Is it acceptable to use the Altec Tasting Cork to complete the process and bottle my wine?? even it is more expensive, I want to make it very user friendly for my family and friends to drink the wine. I will age in the carboy.


----------



## Hippie (Sep 8, 2005)

No. Those corks are not for aging wine, or even short term storage. They are for tasting only so that the bottle can be opened and shut over and again. You need to use George's corks. Use the 1.5" if you have a hand corker, the 1.75" if you have a floor or bench model.


----------



## Vaughn (Sep 8, 2005)

Why not use screw-top bottles? George has them for $15 a dozen. Metal screw caps...$.10. A little more expensive than corking recycled bottles, but definitely user friendly.


----------



## Hippie (Sep 8, 2005)

Good idea. I have alot of wine in screw caps and never turn the usable ones down.


----------



## Hi In The Pines (Sep 11, 2005)

ok, new question...Can you cap a bottle of wine??


----------



## masta (Sep 11, 2005)

No....normal cork finish wine bottles can not be capped but champagne bottles can be with a special sized 29 mm crown cap.This is because they have a lip like a beer bottle.


----------



## Hippie (Sep 11, 2005)

You can put wine is screwtop bottles.


----------



## Hi In The Pines (Sep 11, 2005)

The reason that I ask is that I recently received from a friend who owns a Mexican restaurant, so far, 48 bottles (330ml.) of green Mexican soda called sangria.

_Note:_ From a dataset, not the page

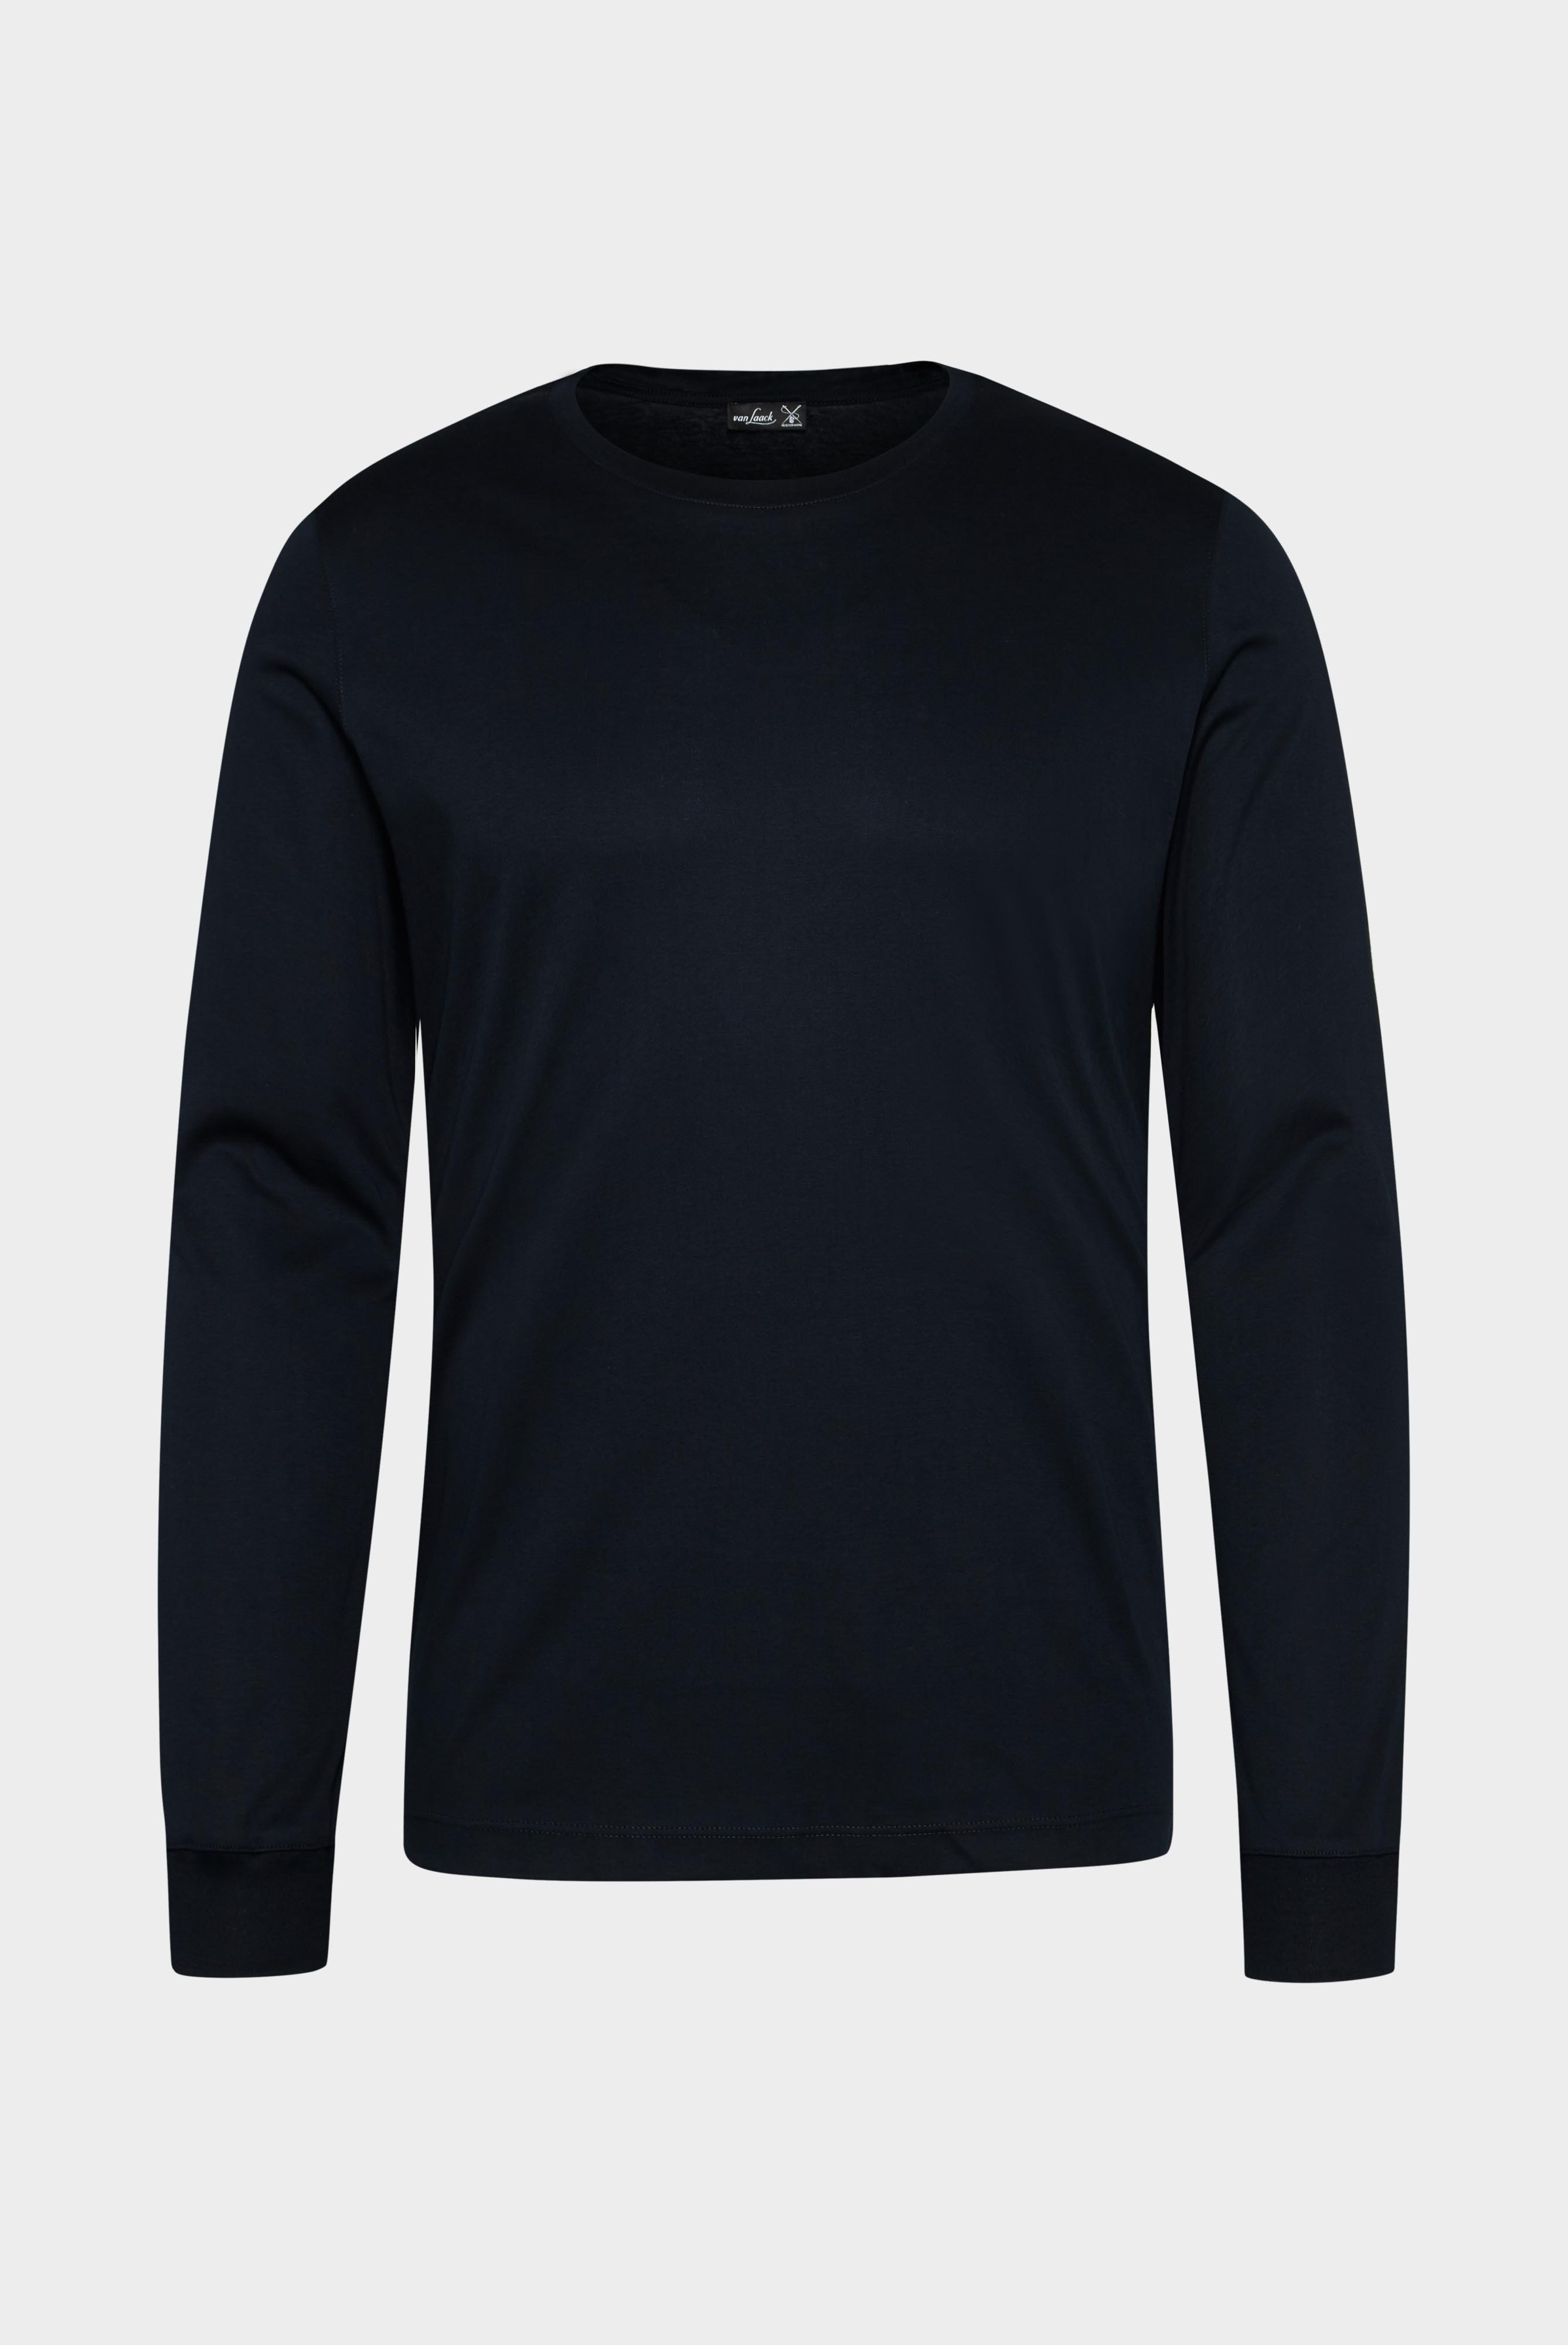 T-Shirts+Longsleeve Swiss Cotton Jersey Crew Neck T-Shirt+20.1718.UX.180031.790.M

The bottles are cute and look like a mini wine bottle and originally came capped. Either I can find a cork or just cap them again.


----------



## peterCooper (Sep 12, 2005)

Having just bottled a VR Chianti, I notice that a few of the corks have leaked 
a couple of drops. It looks like they are leaking through the cork rather than 
around the edge.These are not George's corks so it may be a quality cotrol 
issue. 

The question is do I leave them and make sure they are the first to be used 
or should I recork them? Will they stop leaking over time?


----------



## Hippie (Sep 12, 2005)

Hi In The Pines said:


> The reason that I ask is that I recently received from a friend who owns a Mexican restaurant, so far, 48 bottles (330ml.) of green Mexican soda called sangria. The bottles are cute and look like a mini wine bottle and originally came capped. Either I can find a cork or just cap them again.




You can buy new caps and a capper from George for cheap. I have put wine in capped beer bottles, same difference, no problems.


----------



## Hi In The Pines (Sep 12, 2005)

ok, thanks Hippie


----------